Very crude, I know. But it serves my needs.
Daniel
that may be crude but its the best idea i've seen so far. I wish Word VBA would incorporate the ceiling function available in Excel, that would make life that much easier... I guess its too much to ask from microsoft. Thanks for your help. I'll incorporate it as soon as i get this documentation I'm now working on done (like maybe 2011 if i'm lucky).
Thanks again
Andrew;?
Nothing annoys a non-conformist more than other non-conformists who refuse to conform to the rules of non-conformity.
Confused is my normal state of mind
You're welcome, and if you find a better solution, I'd be interested, too.
Daniel
How about Round(17.459, 2)?
In Word-VBA? At least in Word97 I can't find that one.

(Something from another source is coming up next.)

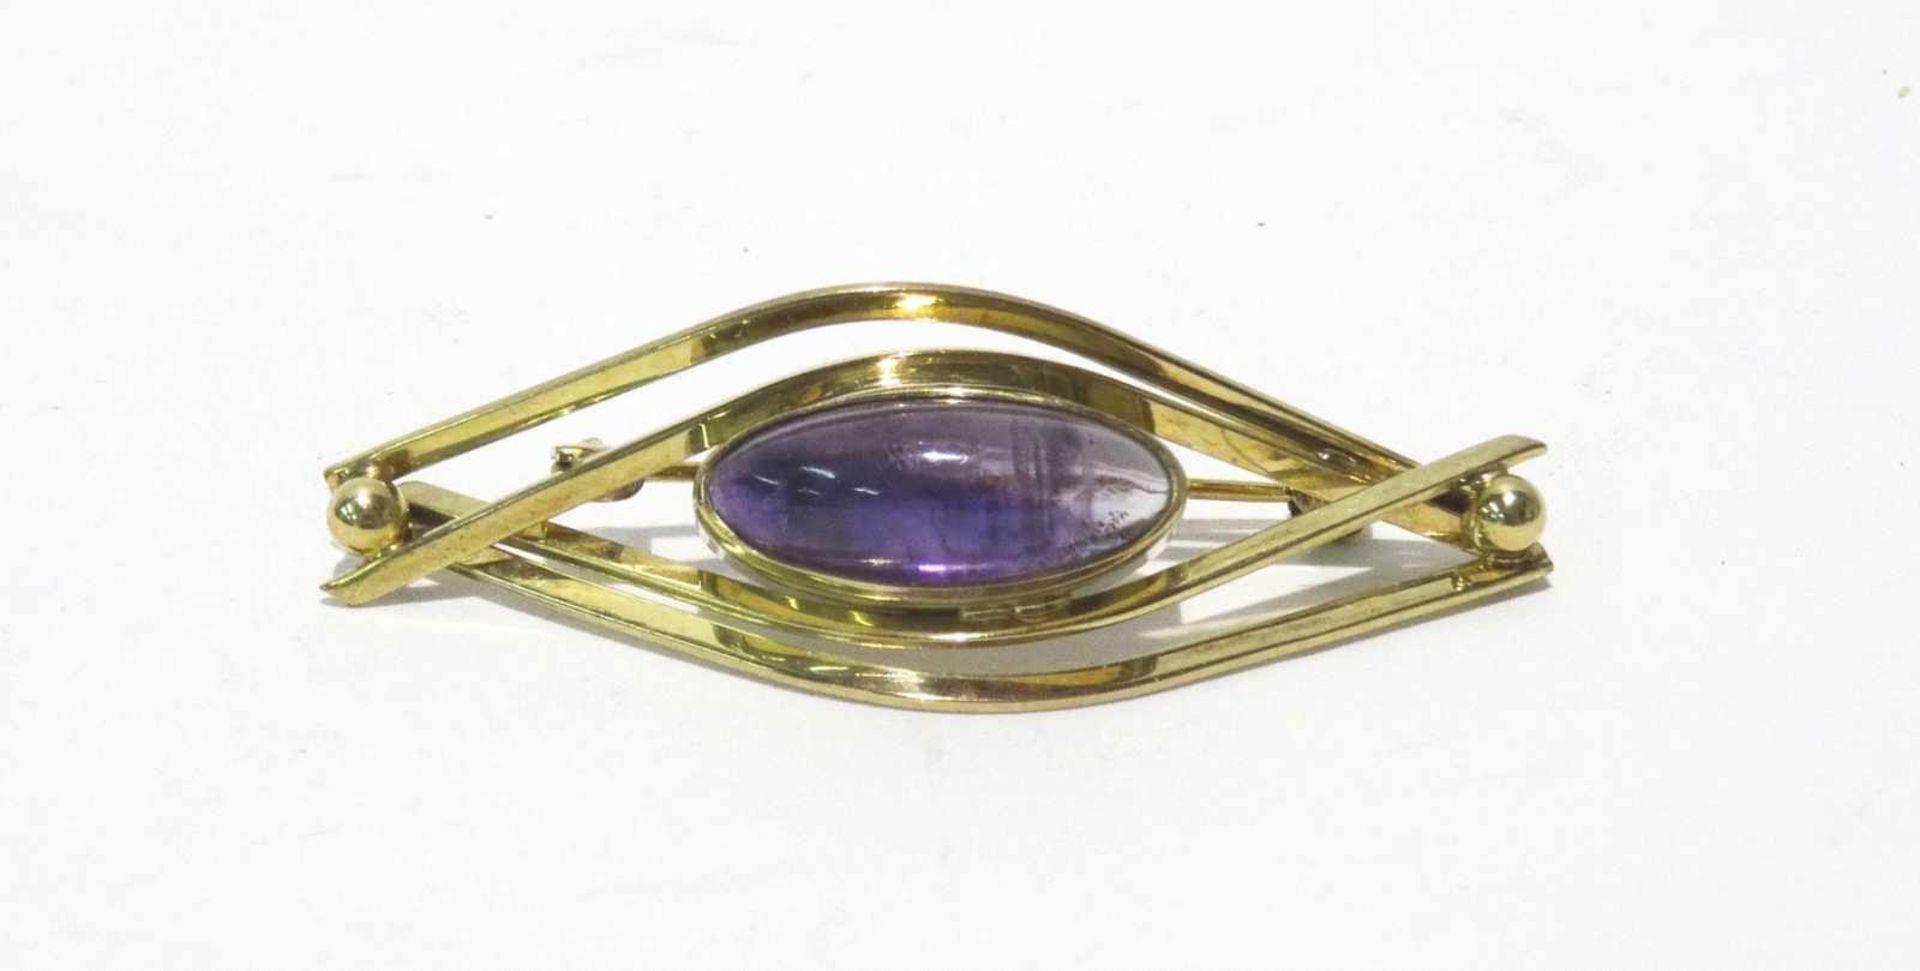 333 Gold Nadel / Brosche mit Amethystcabochon 16,5 x 6,5 mm, sehr schöne Farbe, Länge ges. ca. 4,

It's in VBA.Math in Word 2000. It will not round up like requested unless
[VBA]
Round(17.459+0.005,2)
[/VBA]
as you showed. The only real difference is Format returns a string the Round returns a Double/Single. Which can be gotten around by
[VBA]
CDbl(Format(17.459+0.005,"###0.00"))
Val(Format(17.459+0.005,"###0.00"))
[/VBA]
Hi,
Yes VBA 6 does have a round function if it was there in 97...don't remember that..(have to check)
Remember that the Round function we all know off in Excel has a different result as the VBA Round function. (So results may differ from expectation)
More background: http://support.microsoft.com/default...b;en-us;194983
But you can still make custom Round function deppending on you're needs.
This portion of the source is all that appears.